Is integer vectorization accuracy / precision of integer division CPU-dependent?

Question

I tried to vectorize the premultiplication of 64-bit colors of 16-bit integer ARGB channels.

I quickly realized that due to lack of accelerated integer division support I need to convert my values to float and use some SSE2/SSE4.1 intrinsics explicitly for the best performance. Still, I wanted to leave the non-specific generic version as a fallback solution (I know that it's currently slower than some vanilla operations but it would provide future compatibility for possible improvements).
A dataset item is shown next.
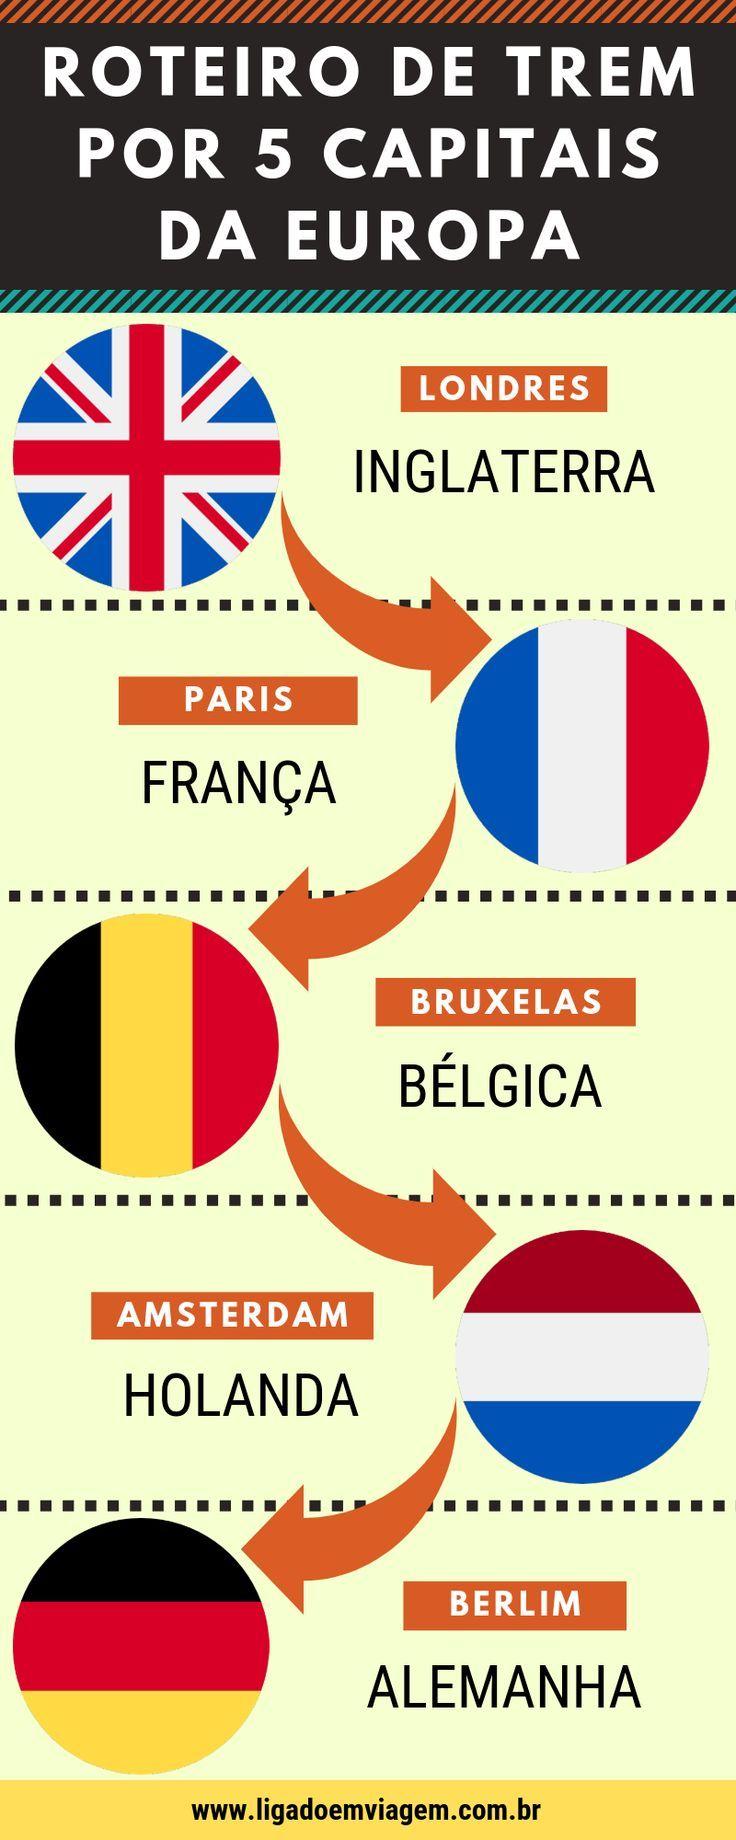 Roteiro De Trem Na Europa Londres Paris Bruxelas Amsterdam E

However, the results are incorrect on my machine.

A very minimal repro:

// Test color with 50% alpha
(ushort A, ushort R, ushort G, ushort B) c = (0x8000, 0xFFFF, 0xFFFF, 0xFFFF);

// Minimal version of the fallback logic if HW intrinsics cannot be used:
Vector128<uint> v = Vector128.Create(c.R, c.G, c.B, 0u);
v = v * c.A / Vector128.Create(0xFFFFu);
var cPre = (c.A, (ushort)v[0], (ushort)v[1], (ushort)v[2]);

// Original color:
Console.WriteLine(c); // prints (32768, 65535, 65535, 65535)

// Expected premultiplied color:   (32768, 32768, 32768, 32768)
Console.WriteLine(cPre); // prints (32768, 32769, 32769, 32769)

I tried to determine what instructions are emitted causing the inaccuracy but I was really surprised to see that in SharpLab the results are correct. On the other hand, the issue is reproducible in .NET Fiddle.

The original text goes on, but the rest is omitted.